# John Deere L120 has no power



## diazf0 (May 25, 2009)

Hello, I need help / guidance / suggestions on what to check and try to figure out the why it has no power.

I just finished doing maintenance on the JD L120 riding lawn mower. I changed the oil, oil filter, air filter, and gas filter. Then started and mowed the grass for over an hour until the gas was low and needed a refill with no issues. I got additional gas, filled up the tractor and tried to start it and now there was no power. I got a new battery and still no power. I checked the cables and all connected and cleaned and still no power.

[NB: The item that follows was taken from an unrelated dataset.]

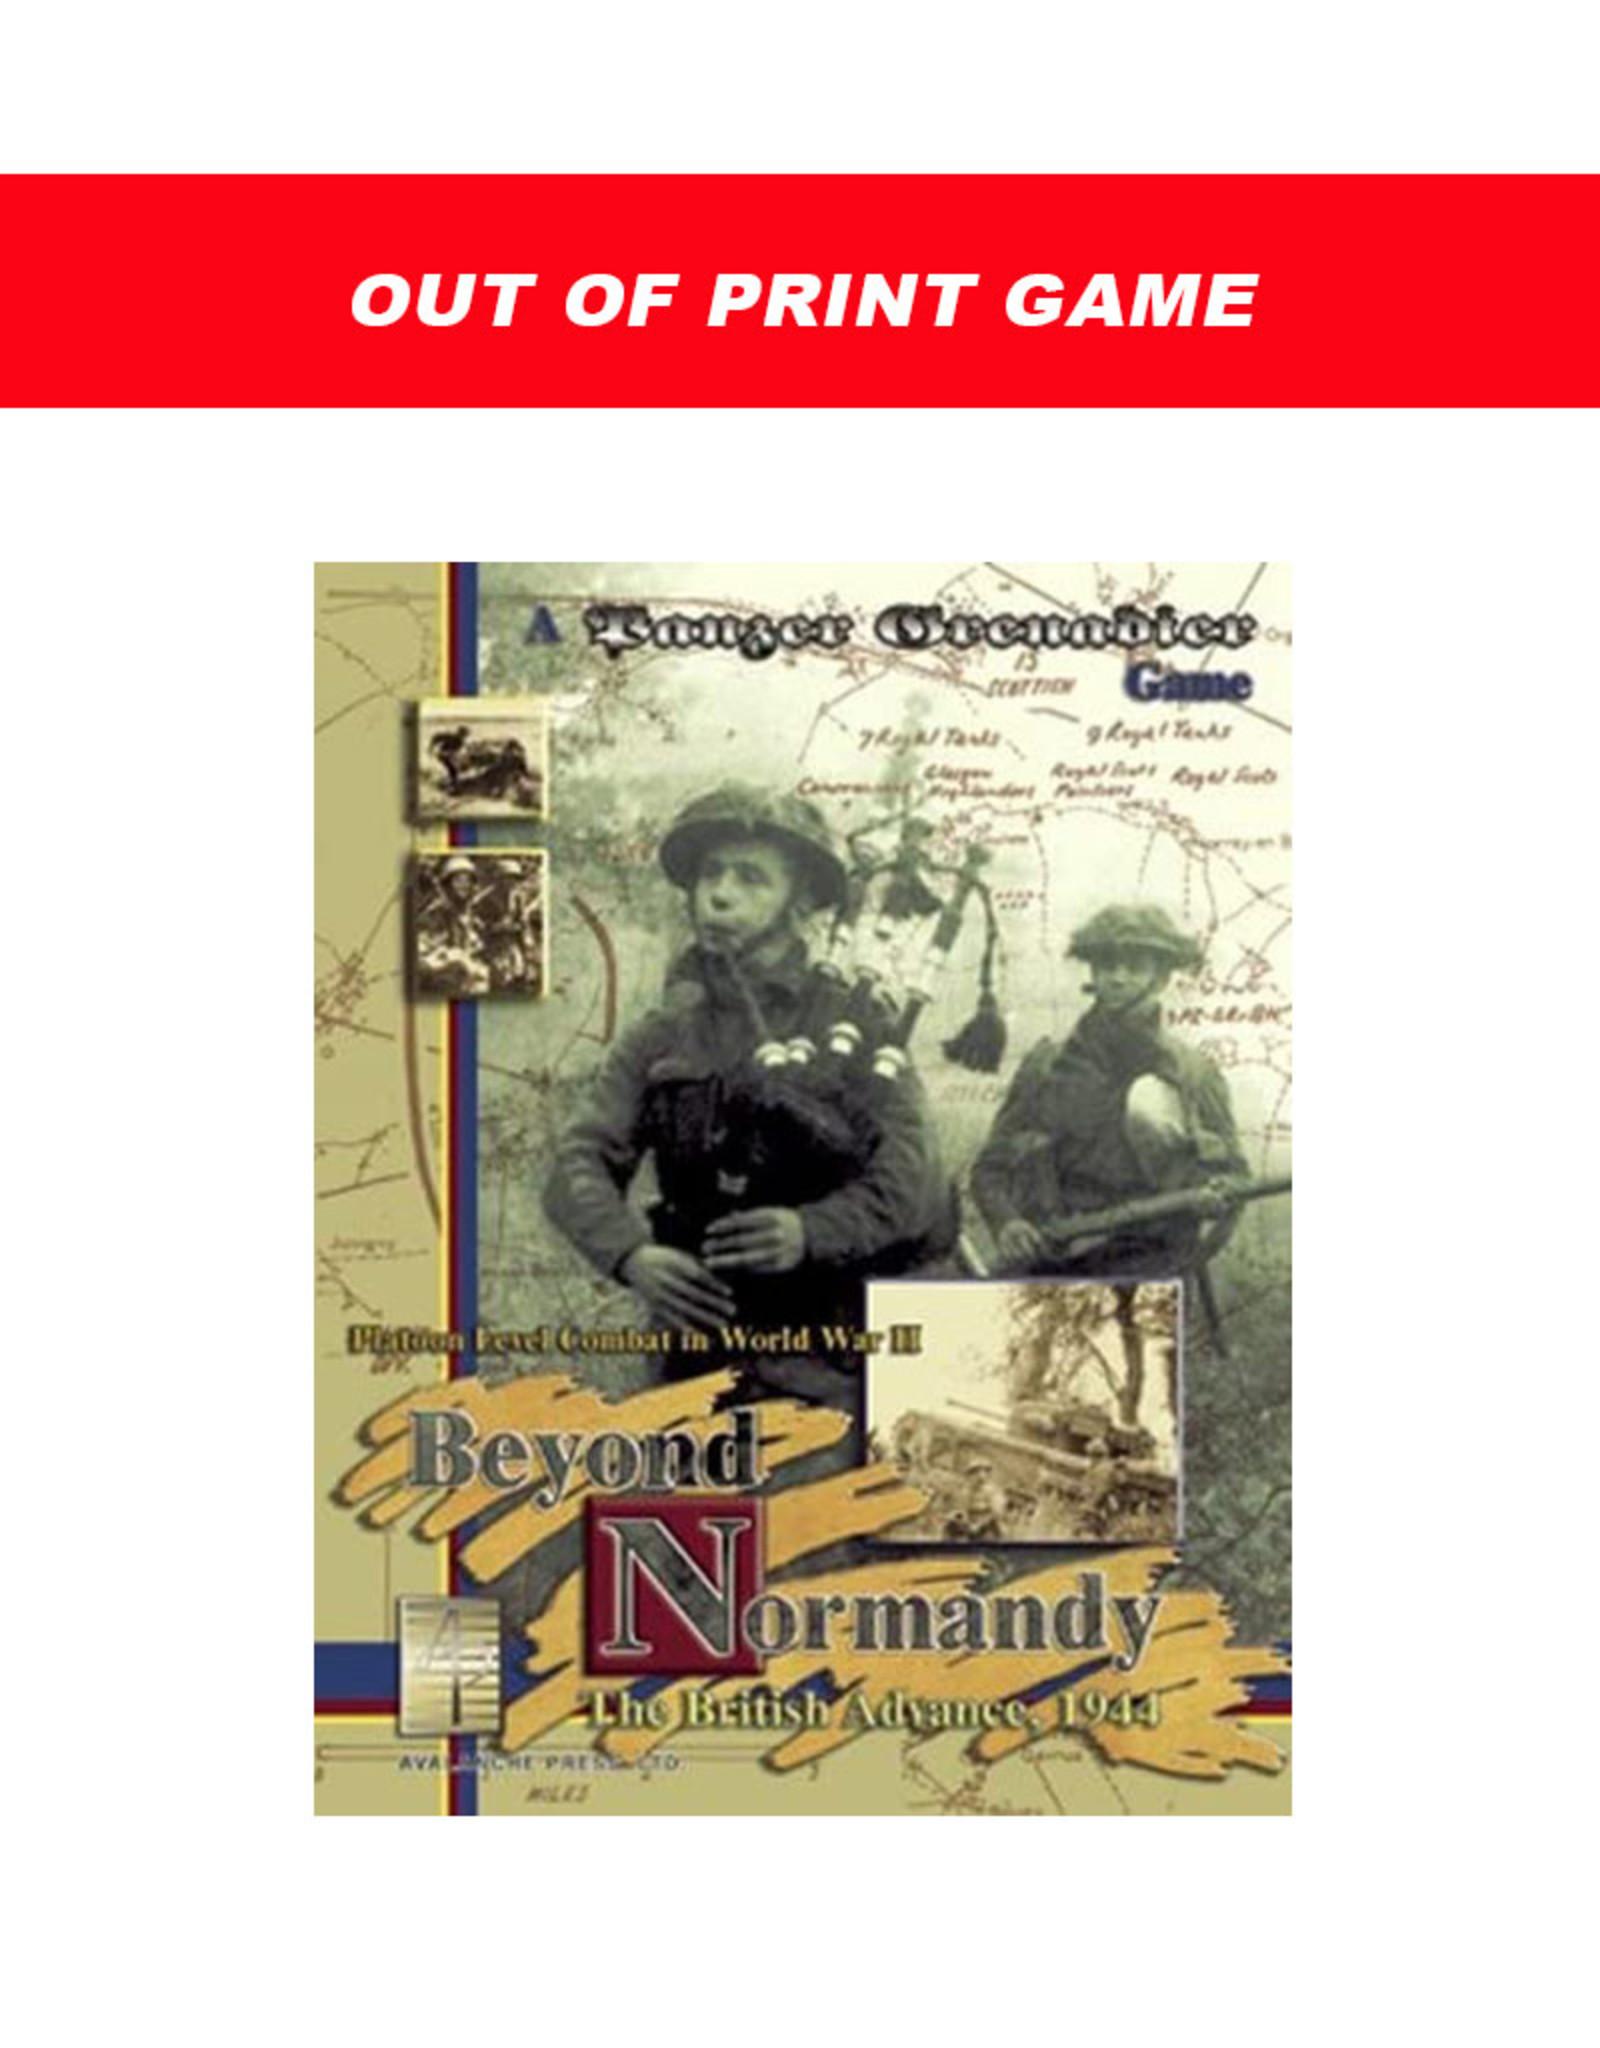 Avalanche Press Beyond Normandy: The British Advance, 1944 (Panzer Grenadier) (OOP)

I do not know what to check or do next. Please assist.


----------



## octaneman (May 13, 2009)

Hi diazf0

Can you be specific when you say " no power ? " Does the engine turn over normally ? If so check for spark at the plug. If there is a spark see if it's wet , it's a clear indication that gas is entering the engine. Is the shut off fuel valve open ? (If applicable) look for fuel being restricted. Is gas filter installed properly ? Check for direction of fuel flow, the filter should have an arrow or pointer showing which side should be pointing to the engine from the gas tank. 

Post back your findings. 

Good luck !


----------



## diazf0 (May 25, 2009)

Thanks for your response Octaneman

When I turn the key nothing happens, normal first turn on the key would turn on the lights and little lcd screen showing hours ran etc. Then second turn starts the engine. Currently, I turn the key 1st / 2nd turns with nothing happening - no lights, lcd, nor the engine cranking (it does not try to turn over).

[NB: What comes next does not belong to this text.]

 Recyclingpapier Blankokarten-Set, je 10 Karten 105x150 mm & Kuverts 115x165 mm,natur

It seems as the battery is dead. So, I bought a new battery and installed. Still no power. I checked and cleaned cables from battery to there end points - connections were secure and in tact (no tears or breaks).

What could cause this.

I noticed that there is a fuse on positive side of the battery connection - could the fuse have gone bad and is causing the no power , similar to a bad / dead battery.

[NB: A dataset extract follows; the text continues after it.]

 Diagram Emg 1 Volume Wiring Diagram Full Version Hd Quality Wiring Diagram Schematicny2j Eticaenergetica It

I would appreciate any guidance / suggestions to fix it.

Thanks again and in advance.


----------



## Basementgeek (Feb 7, 2005)

Yes it could, need to check it.

You have a volt/ohm tester?

BG


----------



## octaneman (May 13, 2009)

As Basementgeek indicated, it could cause the no power/start problem. Test the fuse and replace it with the rating specified. Do not try to jump the fuse with wires or anything else for if there is a short you will do more damage than good. After replacing the fuse, and everything turns on, lights, lcd, etc.. and still the engine won't crank , if the lights dim when cranking , focus on the starter next, but first thing is first....Replace the fuse !

post back your findings. 
OM


----------